▸ **WORK REQUIRED**
Within the lines below, the span from the line with "Montserrat & Sagrada Família Combo Tour" to the line with "Виктор Меркулов (1936-2010).", both ends included, is to be reproduced exactly, with pictures omitted.

▸ **PROVIDED RECORDS**
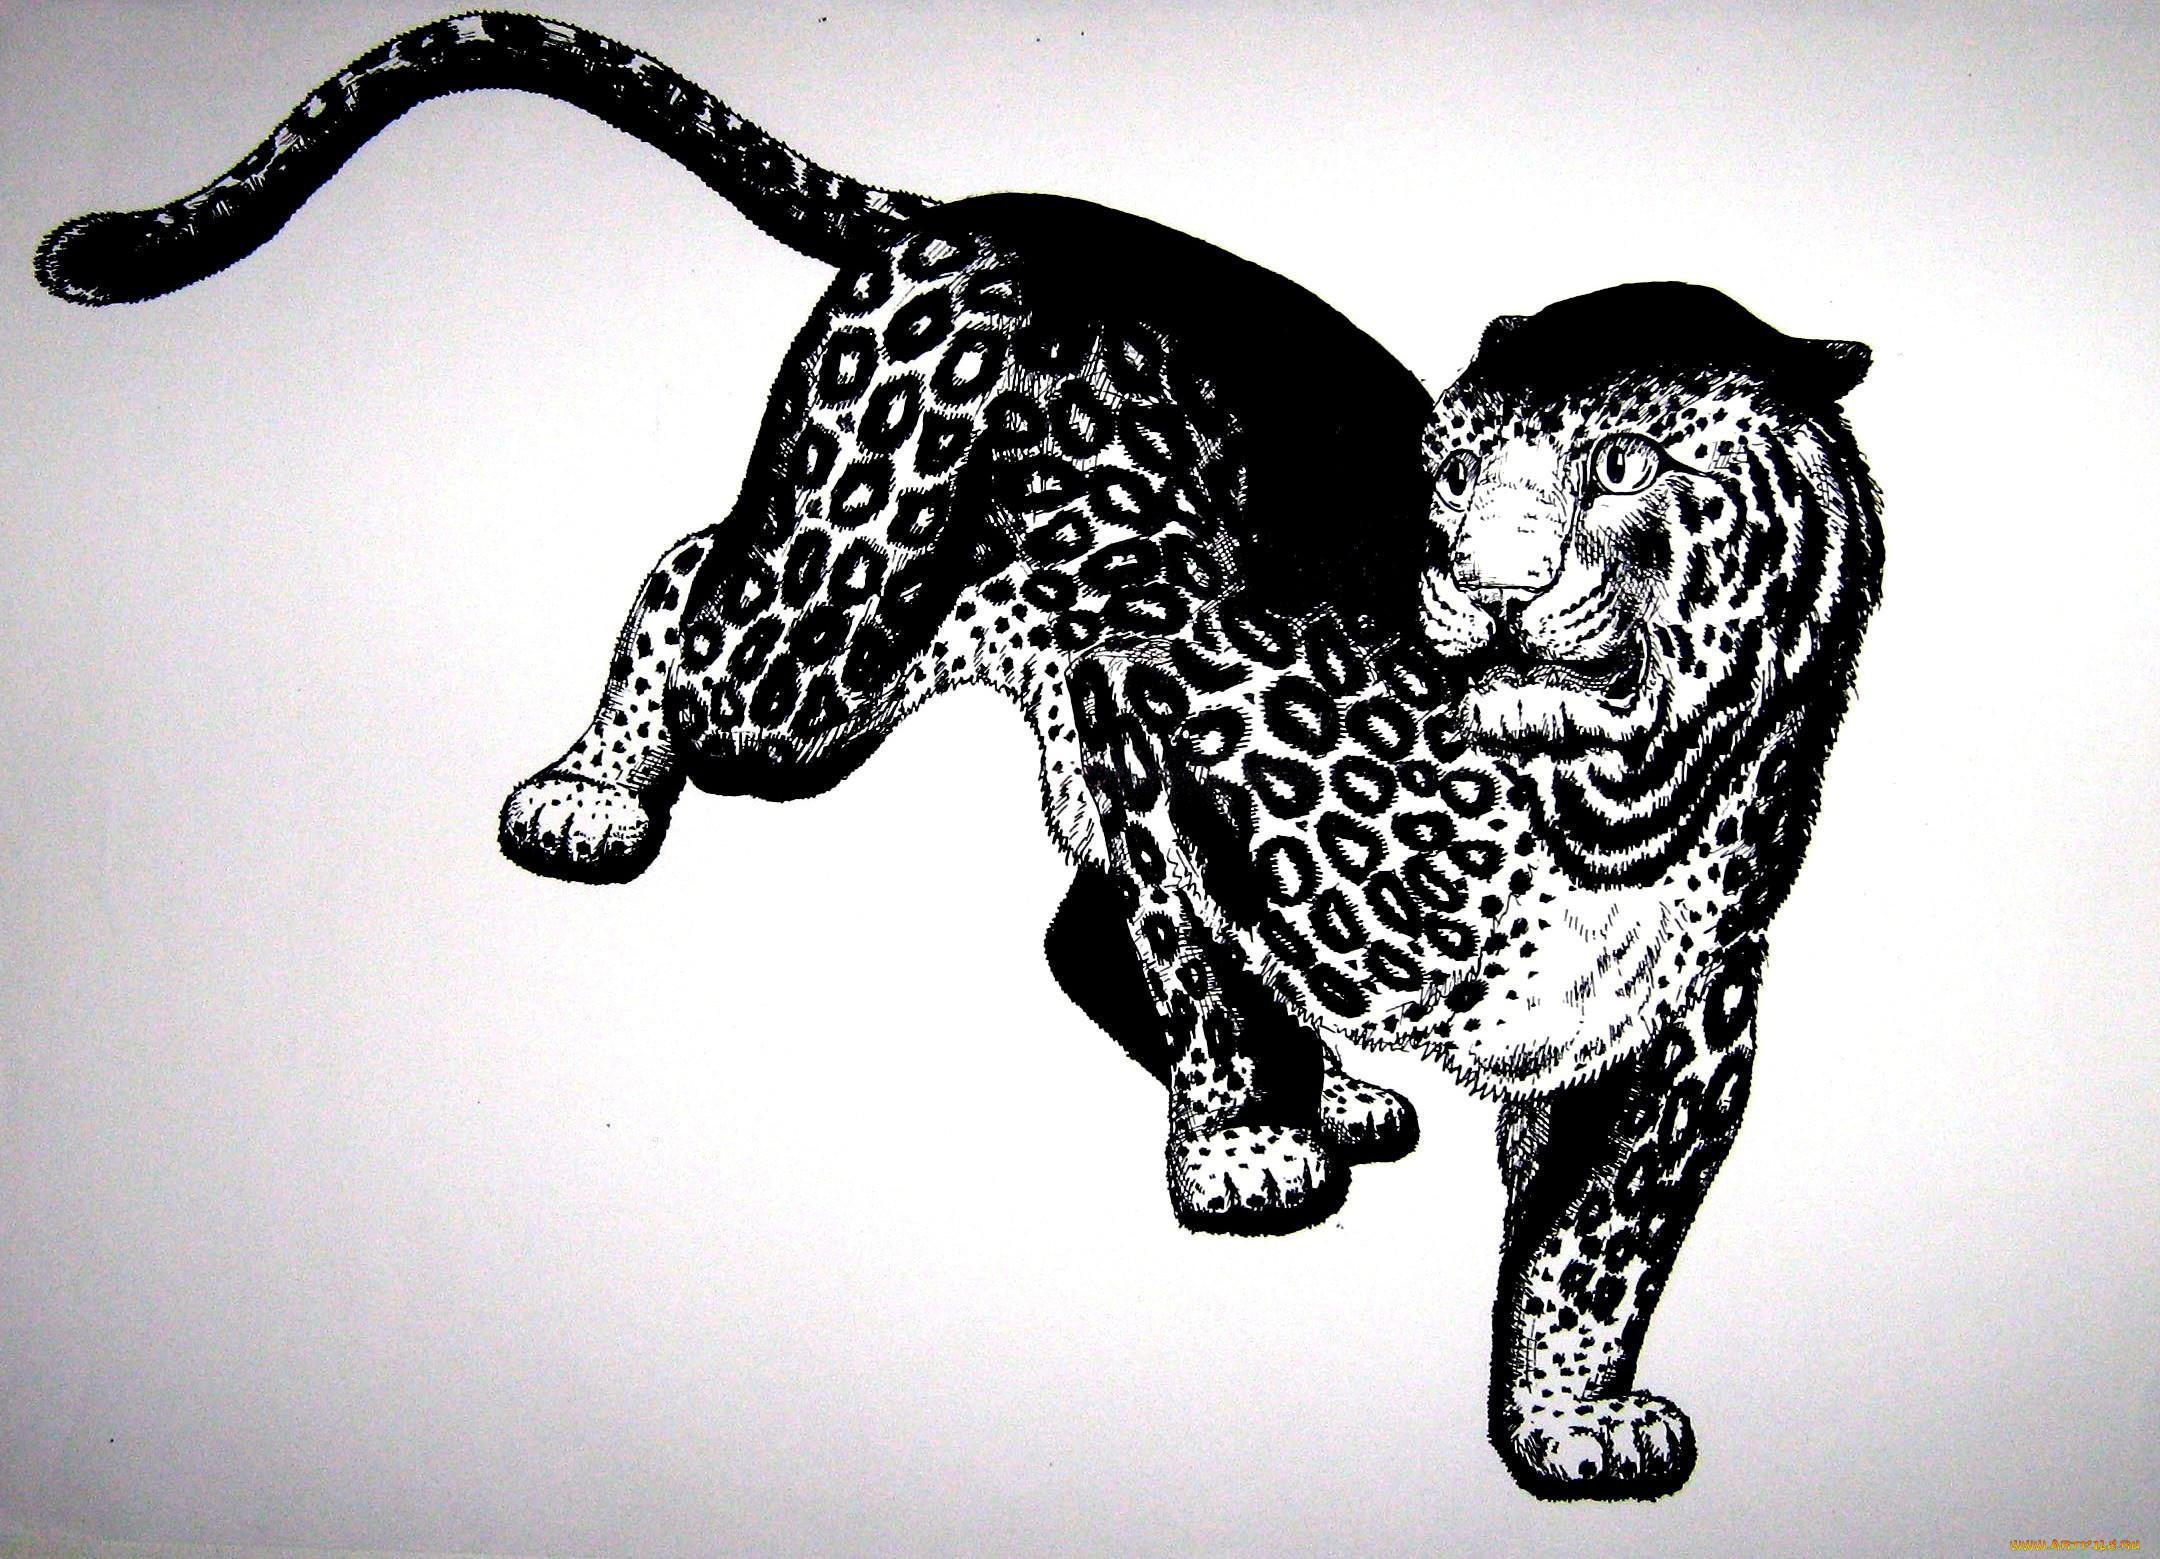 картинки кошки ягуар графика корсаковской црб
==
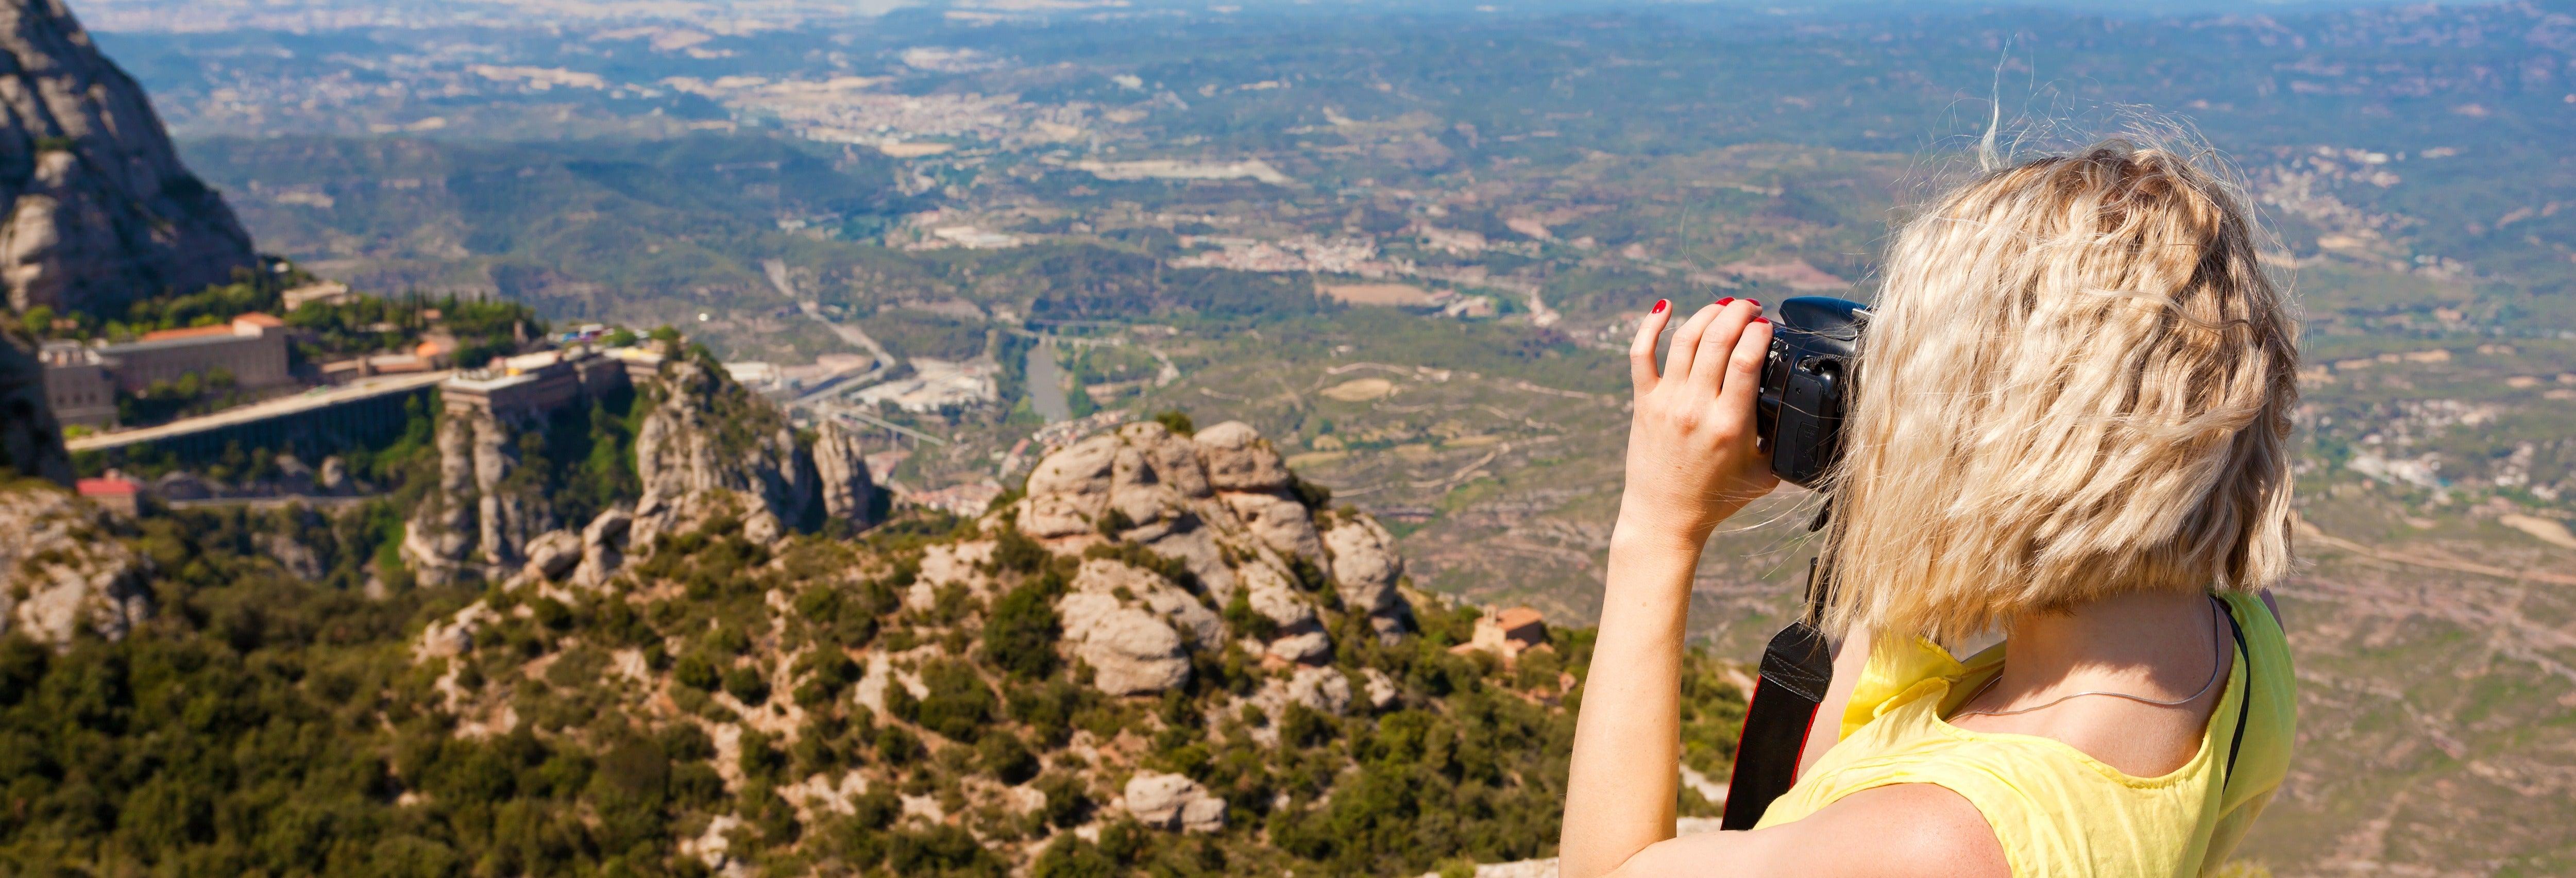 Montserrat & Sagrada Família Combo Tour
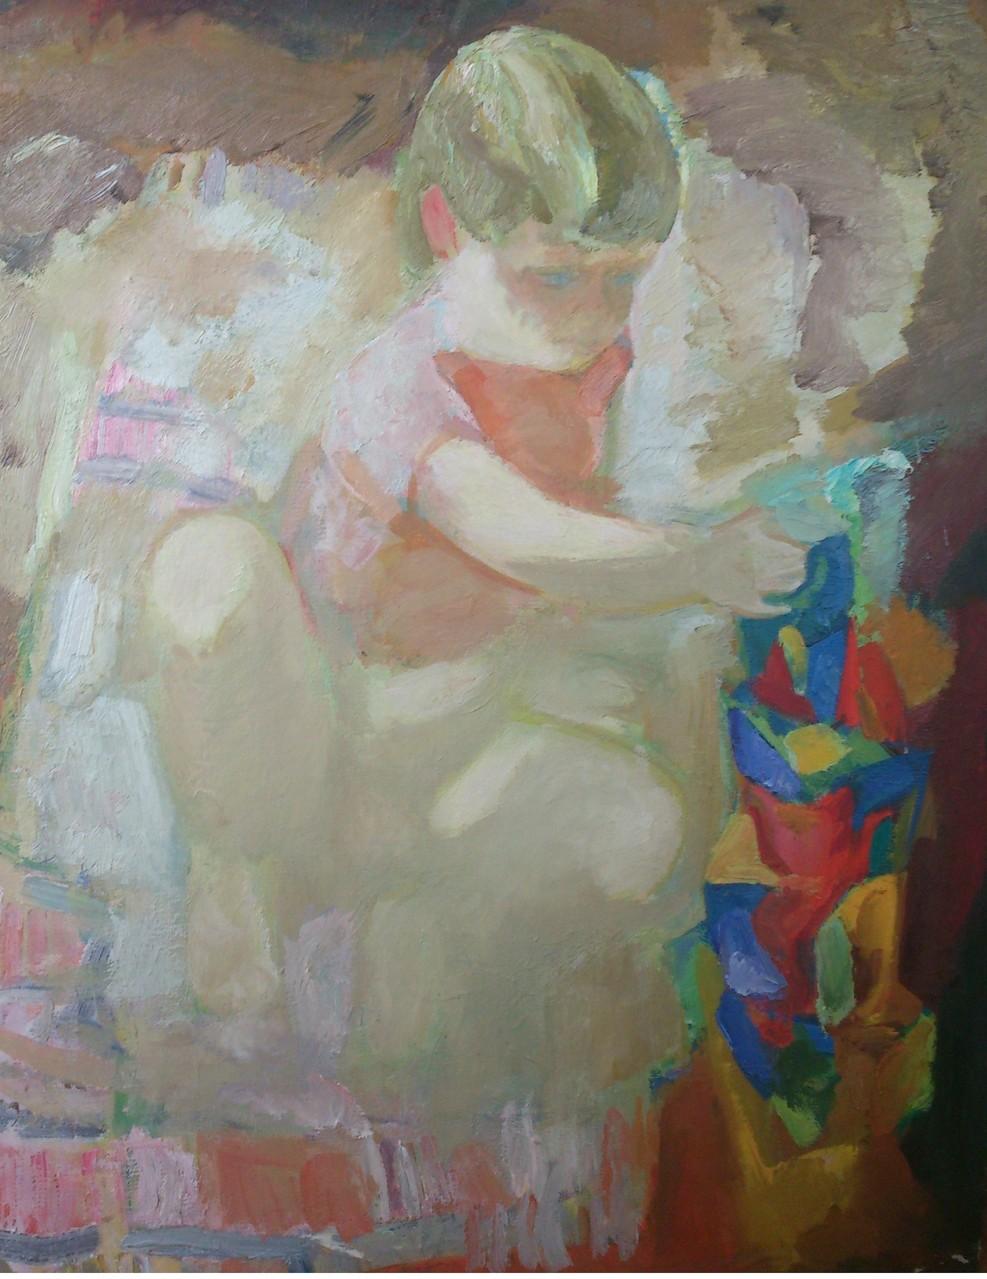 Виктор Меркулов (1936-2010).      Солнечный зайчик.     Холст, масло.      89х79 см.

▸ **WRITTEN ANSWER**
 Montserrat & Sagrada Família Combo Tour
 Виктор Меркулов (1936-2010).      Солнечный зайчик.     Холст, масло.      89х79 см.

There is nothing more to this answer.